I think I can say I “won” Christmas this year. You can’t get much more Christmasy than standing right next to the spot where the man of the hour was born.
The minuscule underground chamber can only accommodate a handful of people at a time and is lined with various works of art depicting the story of Jesus. The priests in charge of managing the torrent of pilgrims, while kind and understanding, were quickly pushing people through the chamber - everyone was given 10 to 15 seconds to pray or take pictures before the priests shooed us away like stray cats. It was all very organized, but you could tell the priests were attempting to mask their frustration with a smile as they nudged aside those who took too many pictures…
Like yours truly.
From the Church of the Nativity, I wandered through Manger Square to explore the rest of the city. A giant Christmas tree was erected in the middle of the square next to a small stage prominently displaying a banner reading, “All I Want for Christmas is Justice.” How cheery. Apparently it looks like any opportunity is a great chance to bring up polarizing political issues. While Manger Square was a chaotic mess of people, the rest of Bethlehem is remarkably quiet with locals going about their day as if it was just a regular old Thursday afternoon. I’ve spent every year of my life looking forward to Christmas Day and, as absurd as it sounds, I’m still mesmerized that there are people in this world who do not celebrate it. I knew holidays like Thanksgiving, Halloween, and the Fourth of July are U.S. celebrations that most of the world doesn’t care about, but in my mind for some reason I mistakenly believed Christmas was a universal holiday.

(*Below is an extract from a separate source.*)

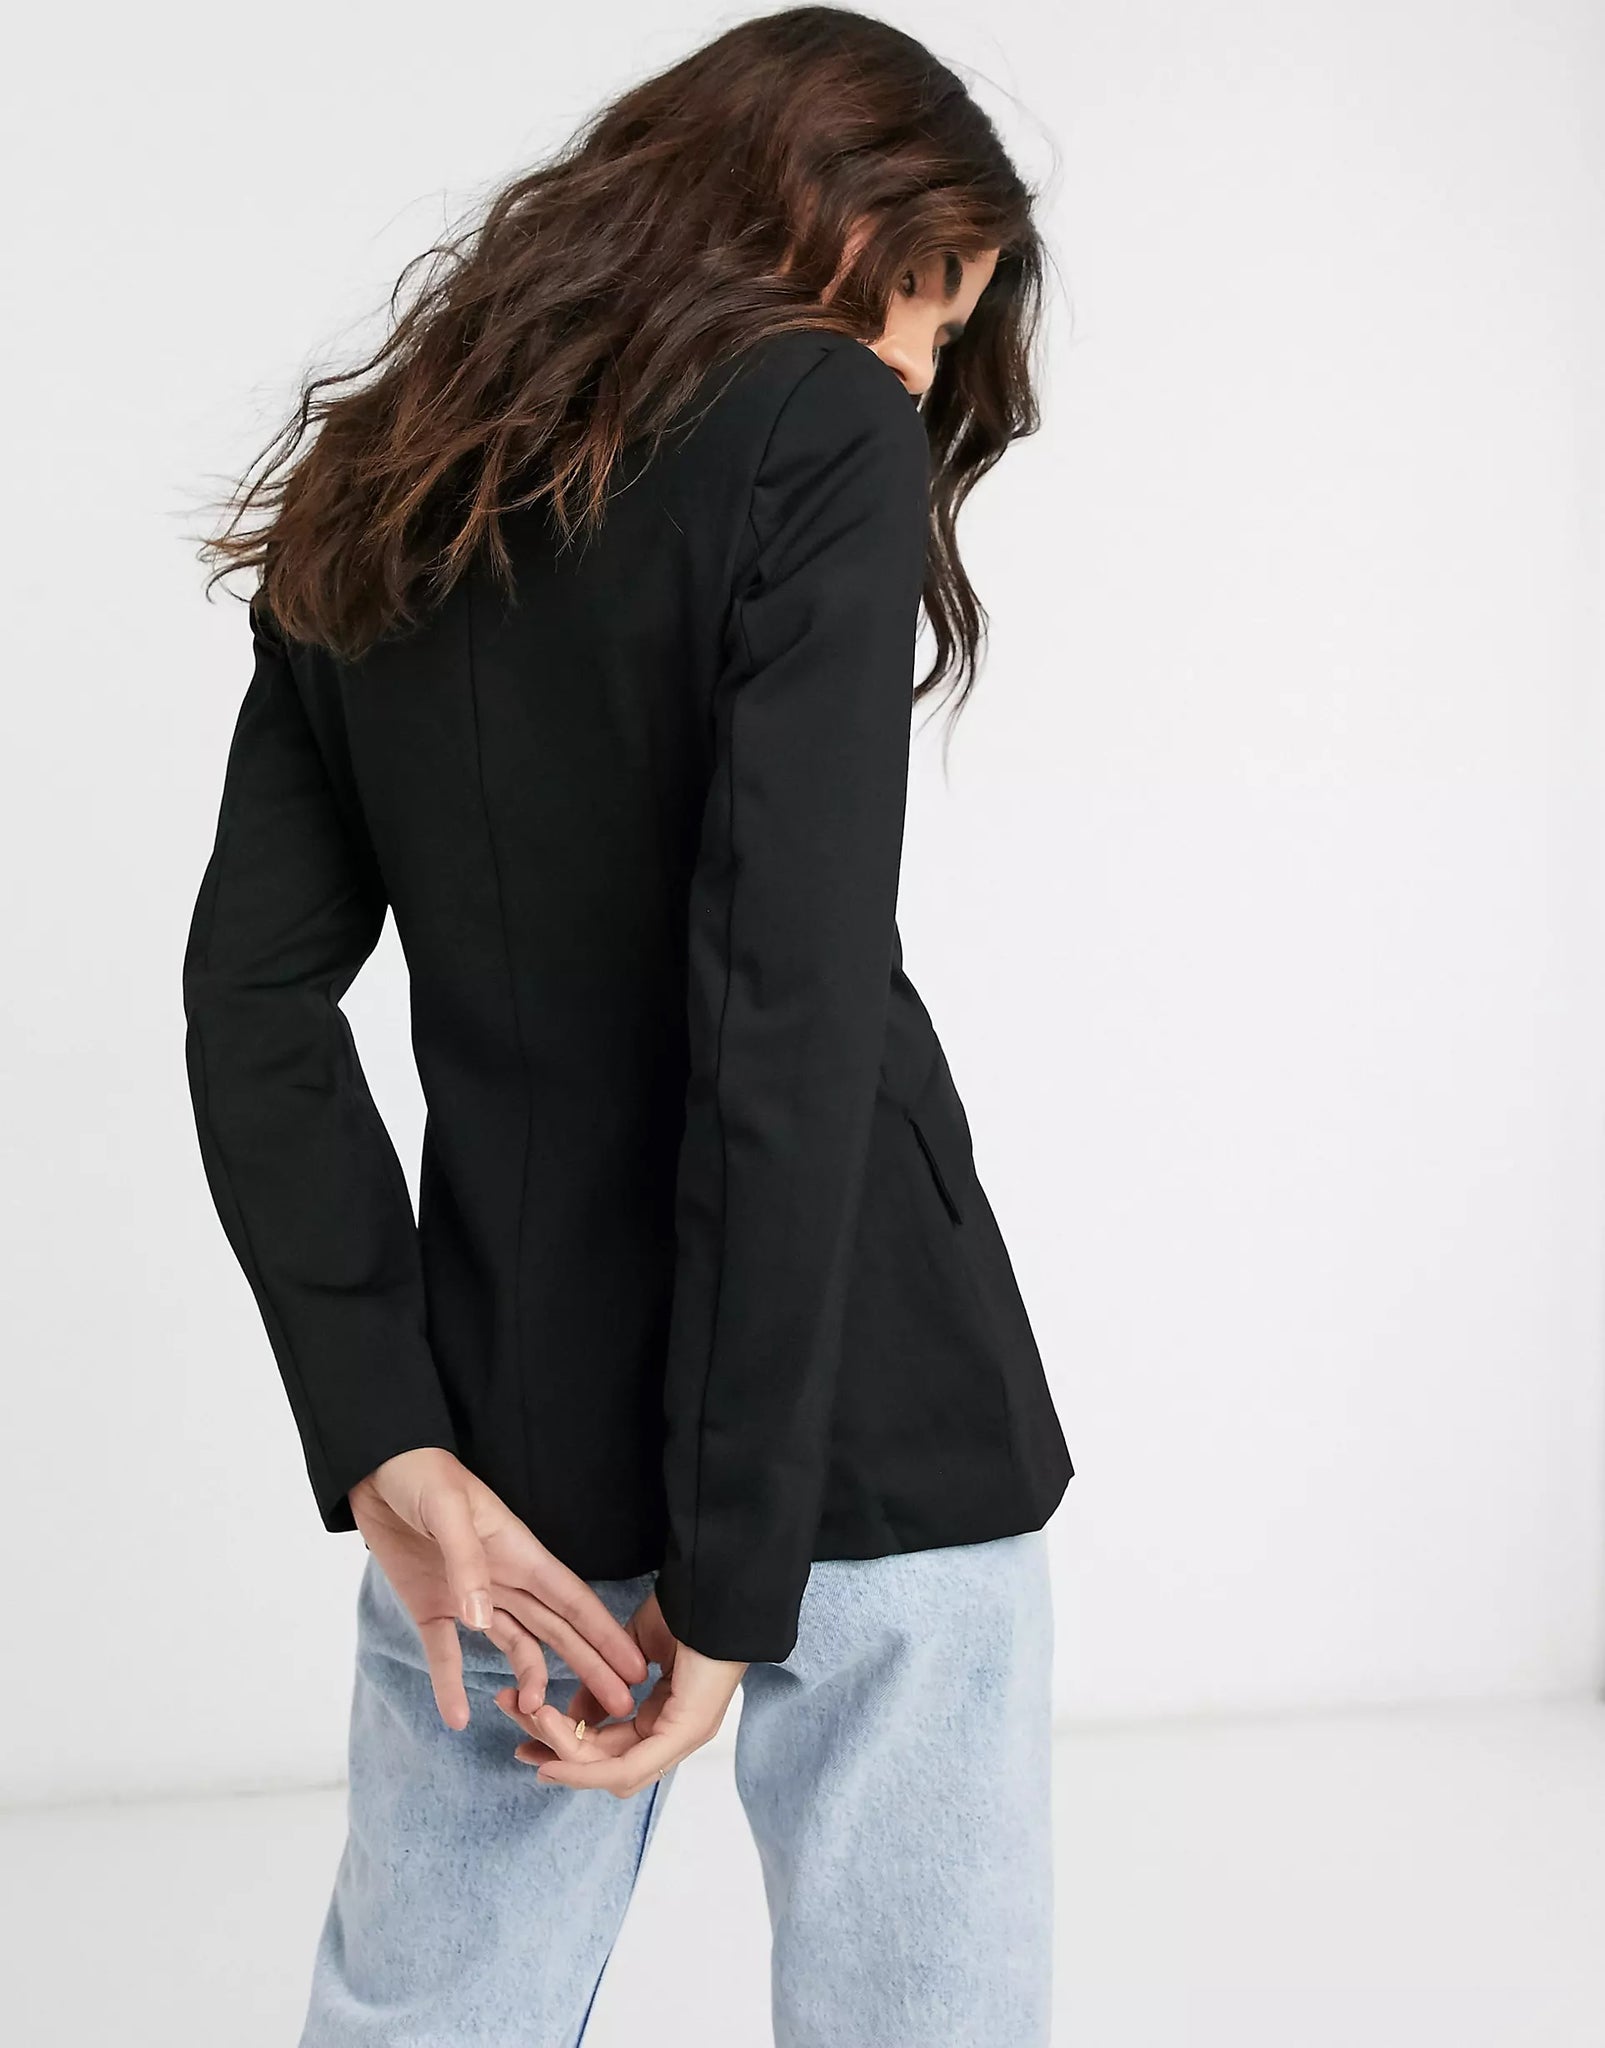 Black Lined Duble Breasted Lined Blazer

It wasn’t until my trip to Bethlehem that I realized just how ingrained traditions like Christmas are in my mind.
I’m tremendously grateful to have visited Bethlehem on Christmas Day this year, but I know for a fact that I didn’t appreciate it nearly as much as many of my family members back home would have. Since my family comes from a Catholic background, I know many of them would love to visit the famous city of Bethlehem if they only had the chance. Considering my own stance on religion, I find it horribly ironic that of all the people in my family, I’m the first person to visit Bethlehem – life isn’t fair. I’ve always been terrible at buying Christmas presents, but at least this year I could give my parents and grandparents a genuinely unique gift: rosaries purchased from the town of Bethlehem on Christmas Day.
To my brother Eric, I’ll find something else for you. I doubt you want a rosary.
To everyone back home, I wish you a Merry Christmas and a Happy New Year!